Les élèves du secondaire d’Orléans fréquentent l’école une journée sur deux depuis quelques mois en raison de la COVID-19. Une situation sans précédent qui bouleverse le quotidien des enseignants et des élèves.

«Je trouve ça différent, rien n’est plus comme avant! Les dîners, les pauses, les devoirs et les évaluations», s’exclame d’emblée une étudiante de 9e année à l’école secondaire Gisèle-Lalonde, Maissa Zemni.

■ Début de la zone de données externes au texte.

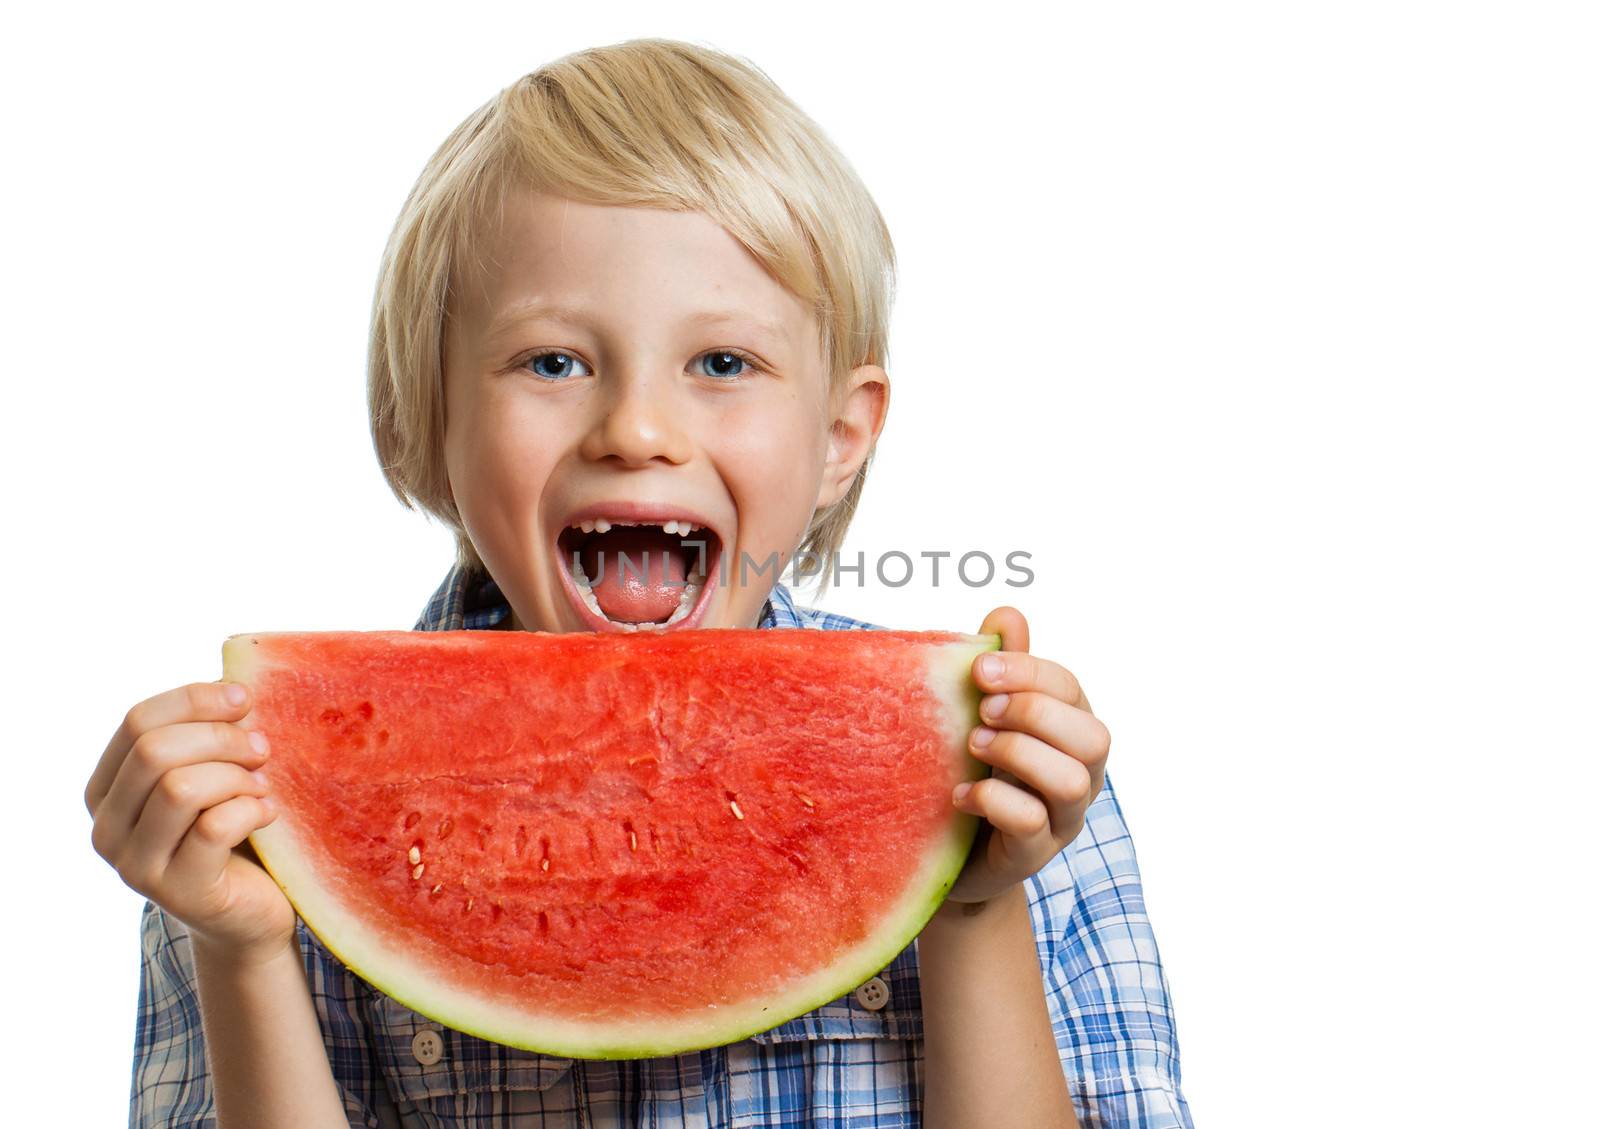 A smiling happy boy about to take a bite of  juicy slice of watermelon. Isolated on white.

Même son de cloche de la part de Nour Guesmi-Mekki, également en 9e année à Gisèle-Lalonde : «Je trouve difficile le fait de condenser les cours afin qu’ils nous donnent la matière pendant un quadrimestre. Ça rend la vie difficile aux élèves qui se retrouvent avec plusieurs devoirs et évaluations, mais le plus dur pour moi est de rester avec un masque toute la journée, ça c’est vraiment difficile».

Maissa abonde dans le même sens que sa collègue : «Je trouve que le quadrimestre n’a aucun sens et doit être changé. Ça affecte la santé mentale et l’éducation des élèves. On stresse constamment et on n’est pas toujours prêts pour les évaluations.»

En raison de la COVID-19, le calendrier scolaire ontarien a été revu et divisé en quadrimestres plutôt qu’en trimestres. Cela doit permettre aux élèves de suivre deux crédits simultanément, en consacrant la matinée à une matière et l’après-midi à une deuxième matière, ce qui peut s’avérer plus difficile pour certains. L’année scolaire est ainsi divisée en quatre segments.

Afin de minimiser les contacts entre les élèves, la direction de l’école a mis sur pied un système de cohortes, divisant les élèves afin de former des «bulles». Ainsi, chaque classe est isolée des autres, même durant l’heure du diner.

De nouveaux défis

La directrice adjointe à l’école secondaire Gisèle-Lalonde, Valérie Beauchamp, affirme que des adaptations ont été nécessaires.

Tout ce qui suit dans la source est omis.